In 1874, after Chadbourne had left UW-Madison, education was desegregated, and men and women began to share classes. It was then that Ladies Hall stopped housing classes and became just a women's dormitory. In 1901, Dean Edward A. Birge, after quite a bit of coercing, renamed Ladies Hall to "Chadbourne Hall," in honor of President Chadbourne. The current Chadbourne Residential College, built in 1959, stands where the old Chadbourne Hall previously stood. The Chadbourne facility was occupied by women only until 1995, when it opened its doors to coeducational living.

The housefellow program was put into effect in 1926. With the opening of Tripp and Adams halls that same year, the Dormitory Committee decided to create a system of student advisers as the proponents of educational programs in the dorms. The name "housefellow" comes from the combination of the "thirty-man subunits or 'houses' within the dorm halls and the instructional responsibilities of the academic graduate 'fellows,' the male student advisers."
The housefellow program was initially led by graduate students.

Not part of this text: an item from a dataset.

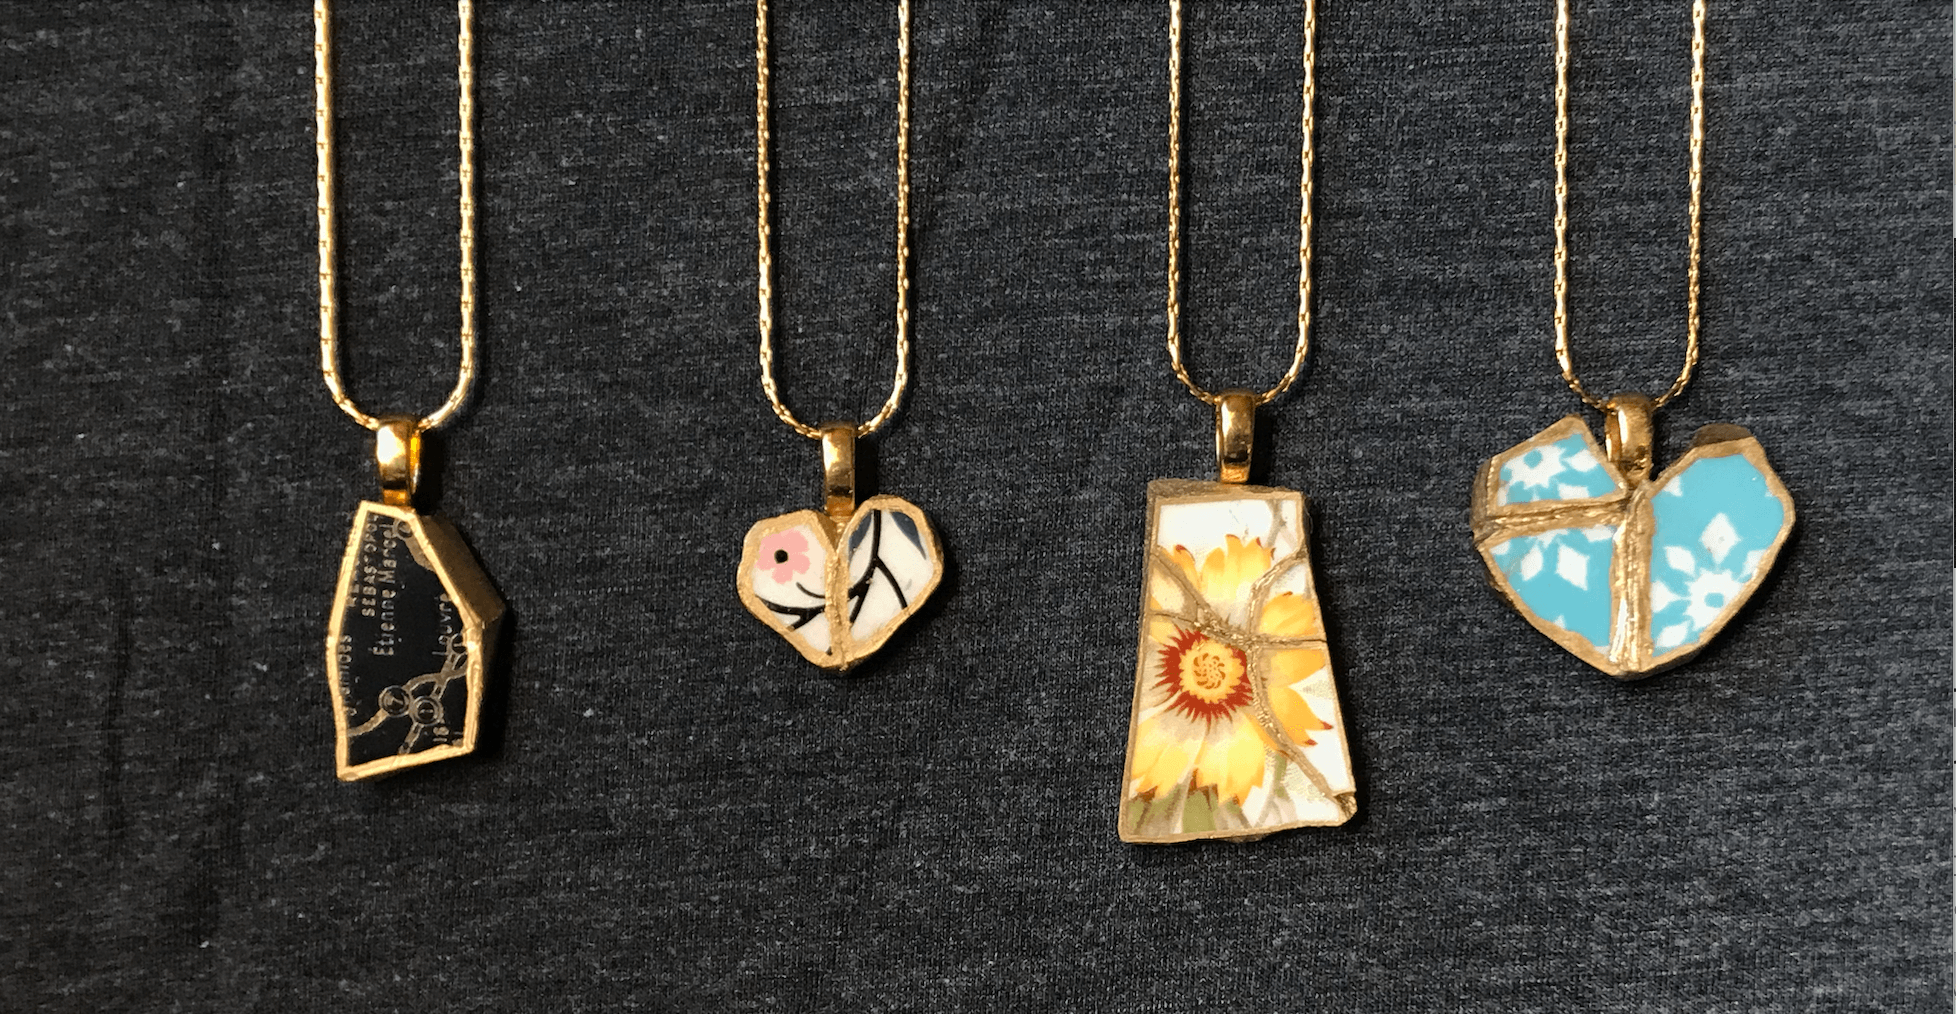 Four necklaces hanging in a row, all made of varying colors and textures, with cracks that have been fit back together and edged with gold.

In-state resident housefellows received room and board, and out-of-state resident housefellows received a nonresident student tuition waiver as compensation. The housefellow system lasted like this until 1971, when the university stopped giving out-of-state tuition waivers. This was a major downfall, since most of the graduate students who were housefellows were not from Wisconsin. This, in collaboration with increased federal research grants and the rising need for teaching assistants, allowed undergraduate students to emerge into the housefellow program.